Population (2026-01-01)
- • Total: 2,165
- • Density: 269/km^{2} (697/sq mi)
- Time zone: UTC+1 (CET)
- • Summer (DST): UTC+2 (CEST)
- Postal code: 756 63
- Website: www.krhova.cz

= Krhová =

Krhová (Krhowa) is a municipality and village in Vsetín District in the Zlín Region of the Czech Republic. It has about 2,200 inhabitants.

==Geography==
Krhová is located about 16 km north of Vsetín and 39 km southwest of Ostrava. The southern part of the municipality lies in the Rožnov Furrow valley and the northern part lies in the Moravian-Silesian Beskids mountain range. The highest point is at 635 m above sea level. The stream Srní potok flows through the municipality.

==History==
The first written mention of Krhová is from 1442.

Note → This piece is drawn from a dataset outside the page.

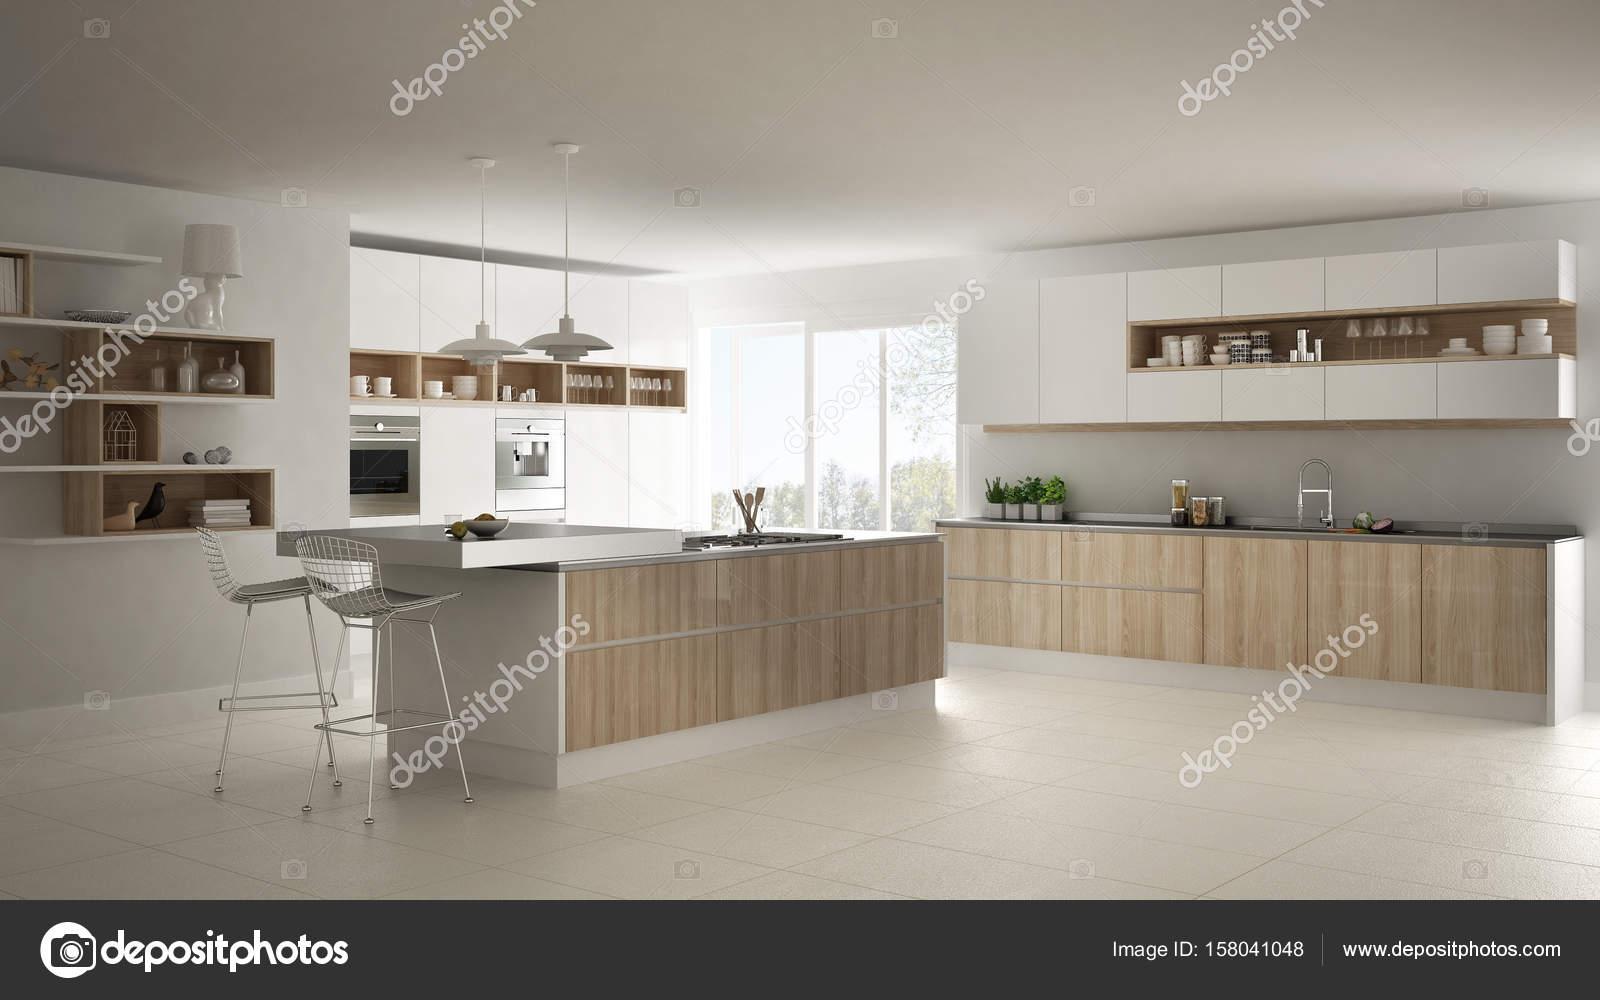 Moderne Witte Keukens : Moderne witte keuken met houten en witte details minimalistische

Krhová was a municipal part of the town of Valašské Meziříčí until a vote to separate the village was held on 21 April 2012, in which the majority voted in favor. On 1 January 2013, Krhová officially became an independent municipality.

==Transport==
The I/35 road (part of the European route E442) from Valašské Meziříčí to the Czech-Slovak border in Bílá runs along the southern municipal border. The I/57 road (the section from Vsetín to Nový Jičín) runs along the western municipal border.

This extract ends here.